Челюсть Кроули ослабла. Его лоб твердо нахмурился. Она не могла догадаться, как выглядят его глаза за этими очками.
«Вы …» — начал он. Он остановился. Он начал снова. — «Вы кое-что забыли.»
«Правда?»
«Да, я бы сказал, что да», — сказал он, решительно кивая. Его голос был низким, как будто он не мог решить, должно быть ли ему весело или обидно. — «Кое-что важное.»
«Хм», — сказала она, изучая его лицо, исследуя память, пытаясь вспомнить, что же она забыла.

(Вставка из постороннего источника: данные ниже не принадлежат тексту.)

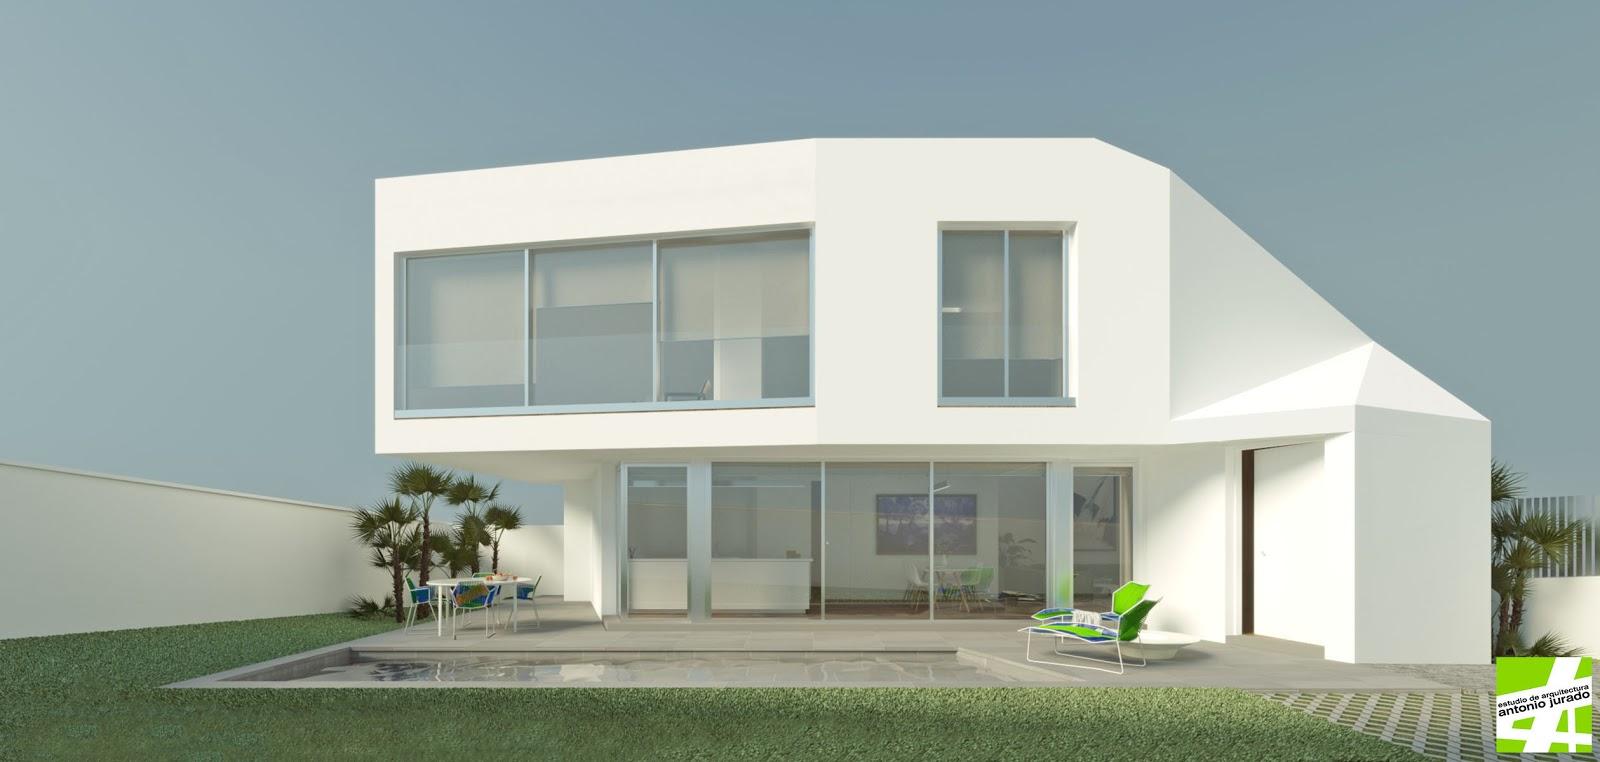 casa-ob-house-alhaurin-malaga-arquitecto-antonio-jurado-01

Ему стало невтерпеж. Он дотянулся до лица и сорвал солнцезащитные очки. Он смотрел на нее широко раскрытыми глазами.
О, — подумала она. Ой. Вот дерьмо. Она думала это, потому что мгновенно ей показалось, что она поняла.
Она поняла, что он имел в виду. Действительно, она забыла кое-что важное в истории, кое-то очень важное. Она забыла змея. История не может быть рассказана правильно, не без змея. Но это было не всё, что она поняла в этот момент, когда Кроули многозначительно смотрел на нее — по крайней мере, всё, что, как она думала, она поняла.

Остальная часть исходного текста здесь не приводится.